• _AIM OF THE TASK_:
Among the records below, find the line with "Синевир - самое" and the line with "barn leker i". Set down both and every line between, exactly and with no pictures, but nothing else.

*** Opening of WORKING DATA ***

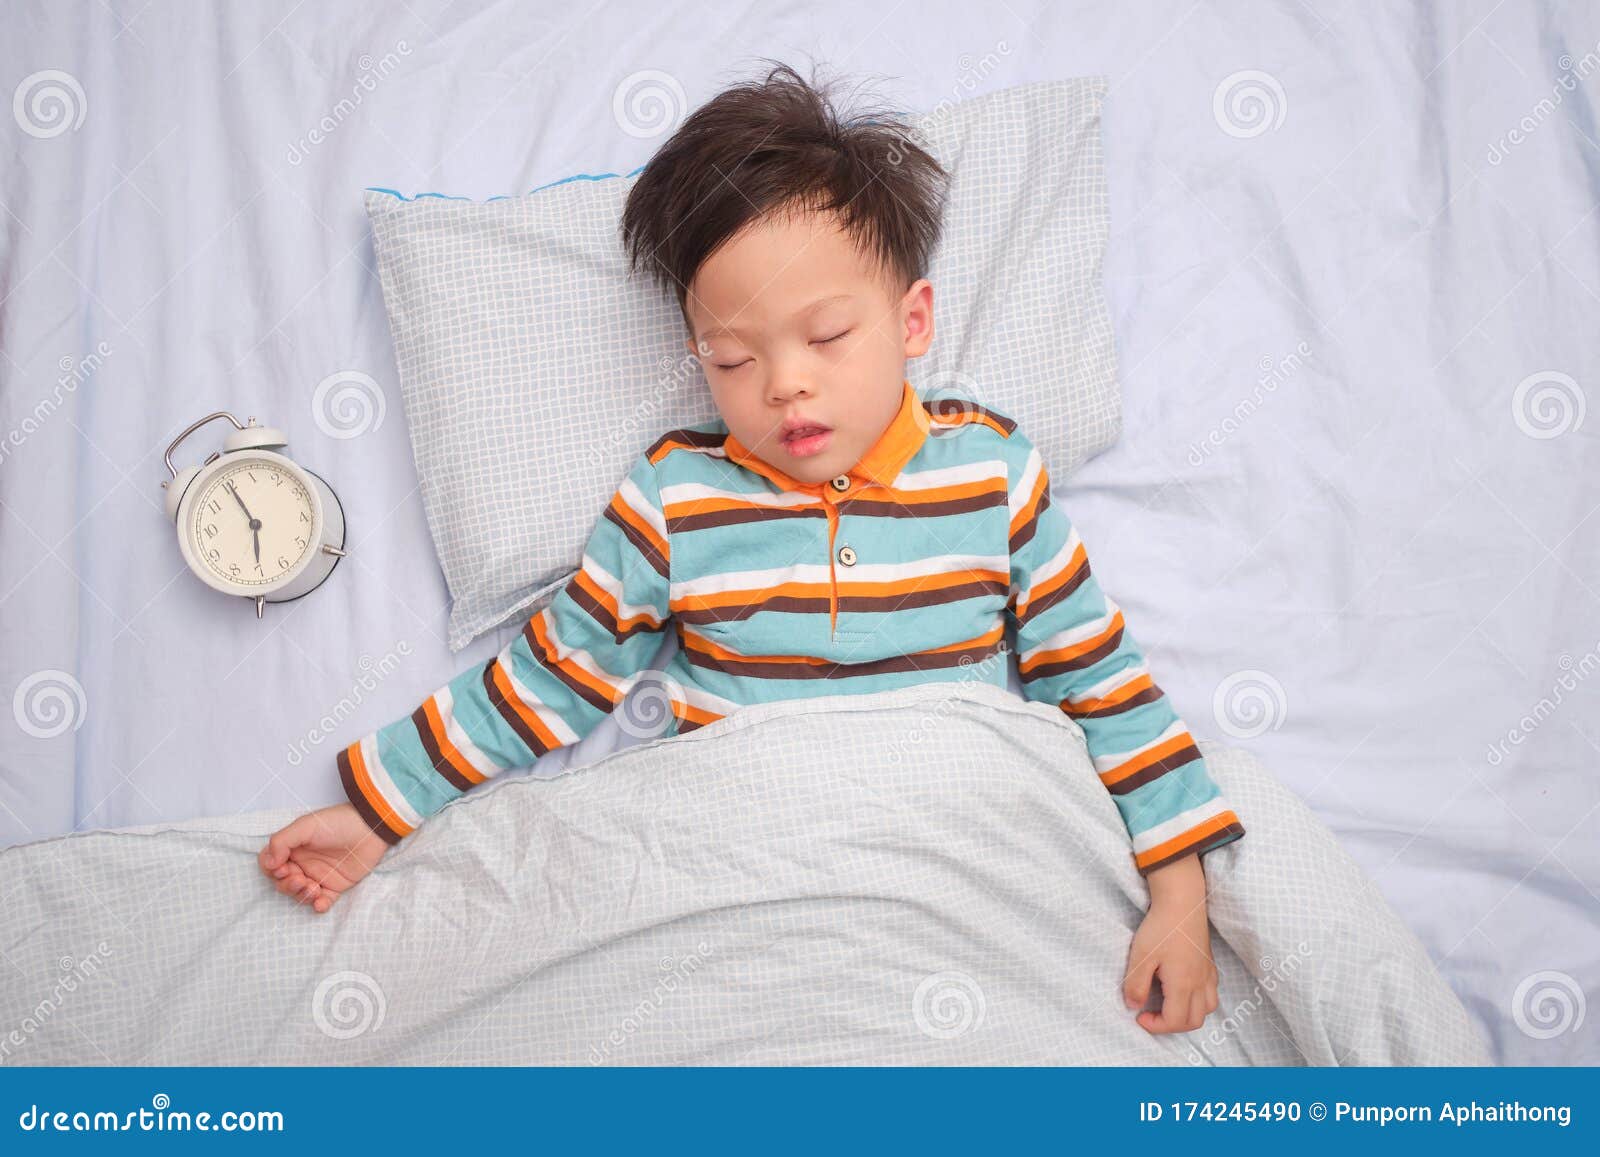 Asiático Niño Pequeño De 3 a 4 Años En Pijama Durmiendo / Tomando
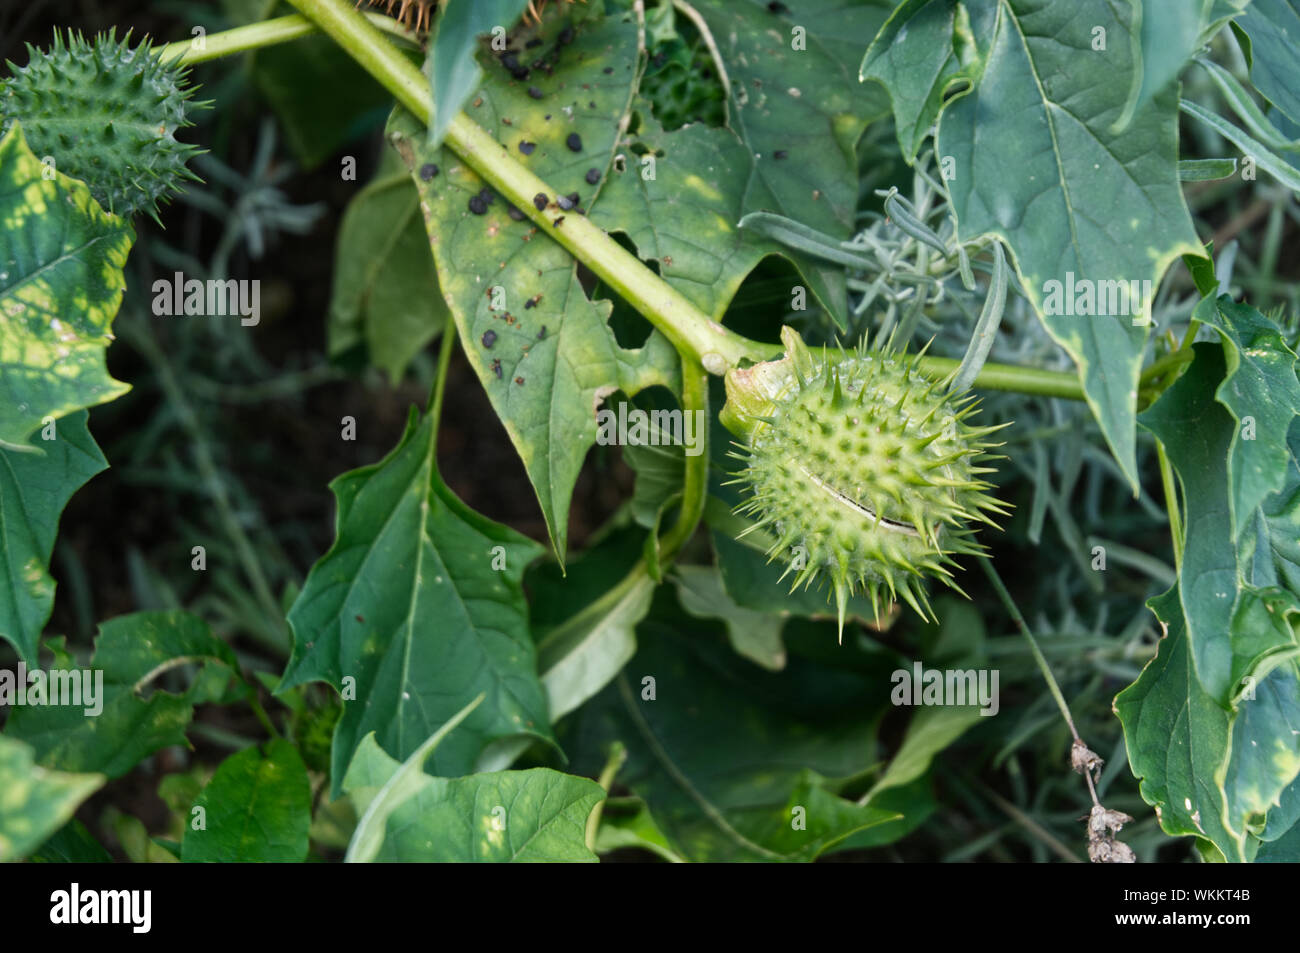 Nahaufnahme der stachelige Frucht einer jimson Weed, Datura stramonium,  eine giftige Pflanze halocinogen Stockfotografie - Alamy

*** Close of WORKING DATA ***
*** Opening of WORKING DATA ***

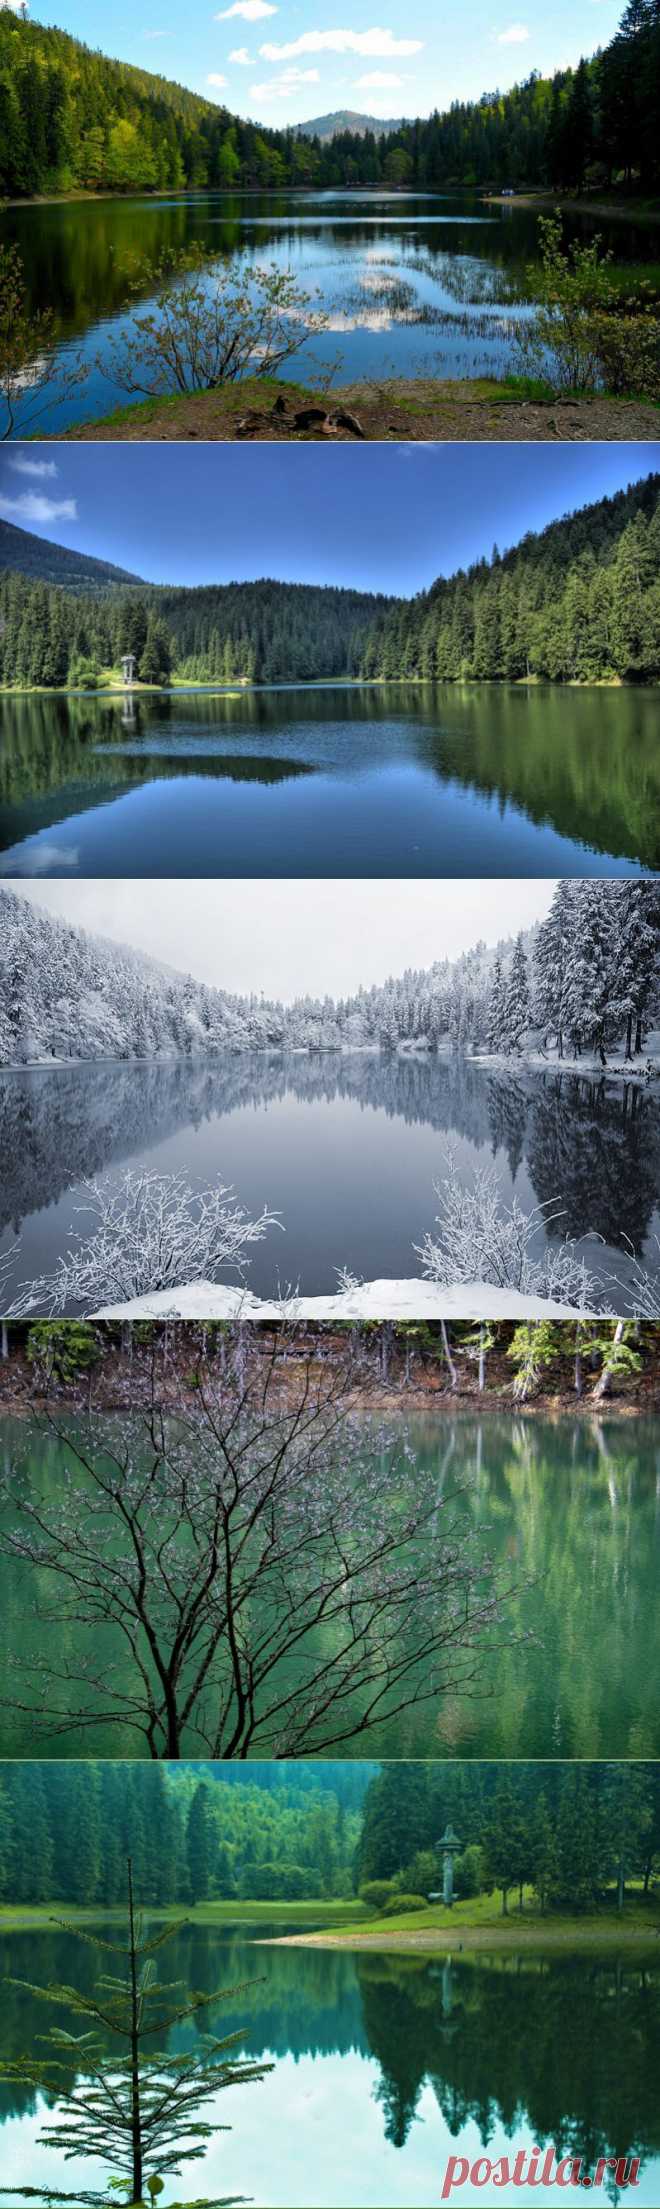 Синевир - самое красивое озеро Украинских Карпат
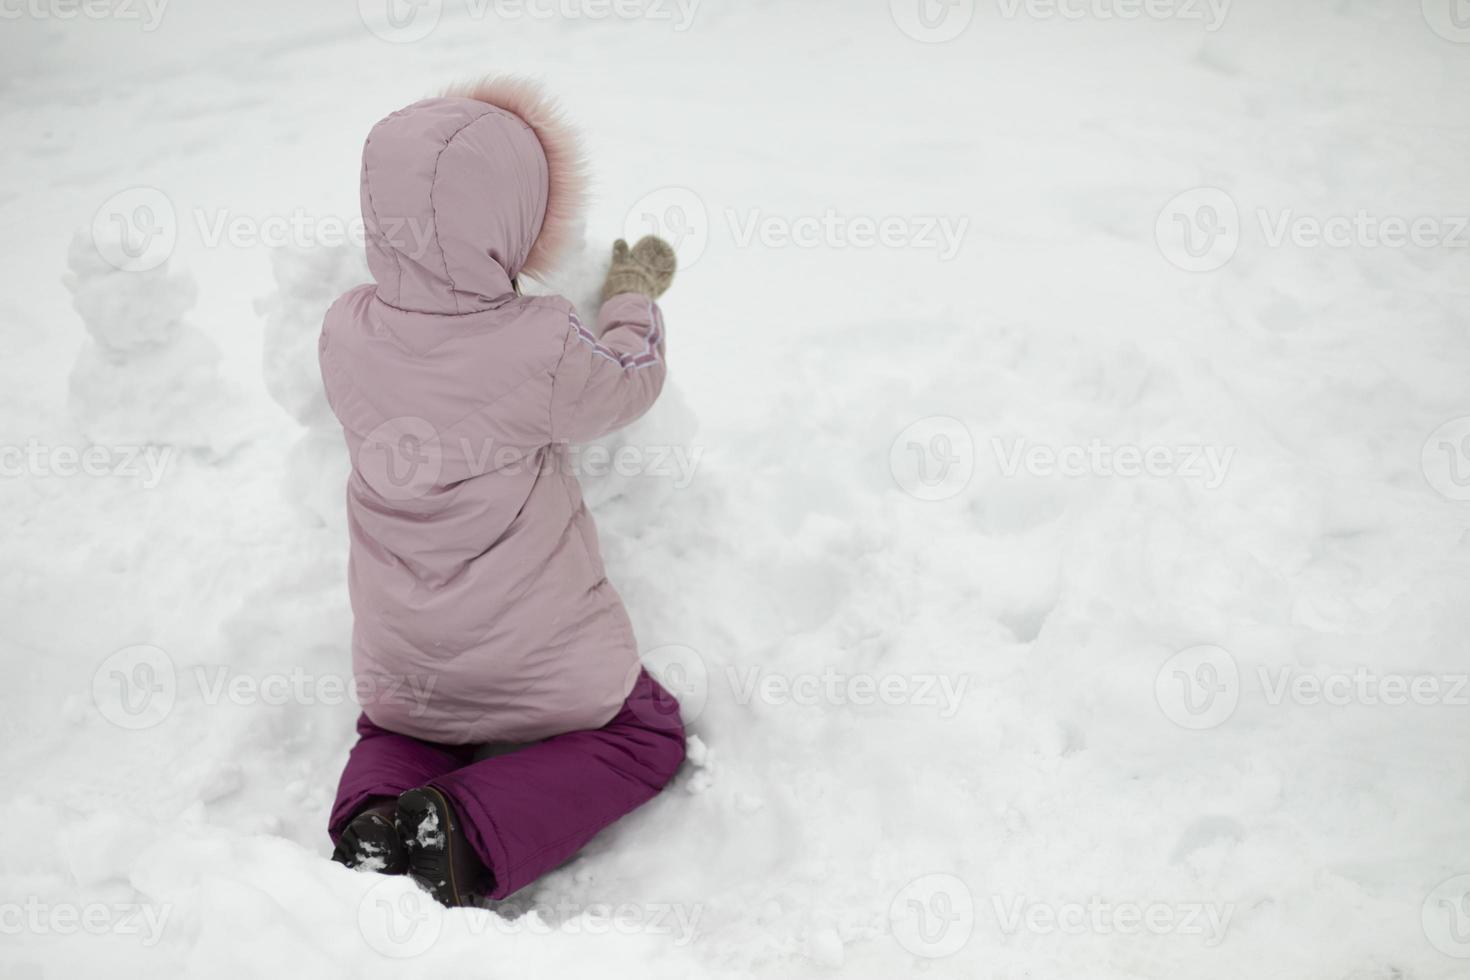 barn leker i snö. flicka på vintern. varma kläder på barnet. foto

*** Close of WORKING DATA ***
*** Opening of WORKING DATA ***

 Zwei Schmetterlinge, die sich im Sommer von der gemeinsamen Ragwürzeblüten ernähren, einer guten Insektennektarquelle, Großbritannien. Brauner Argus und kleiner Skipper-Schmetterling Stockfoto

*** Close of WORKING DATA ***

• _WRITTEN RESPONSE_:
 Синевир - самое красивое озеро Украинских Карпат
 barn leker i snö. flicka på vintern. varma kläder på barnet. foto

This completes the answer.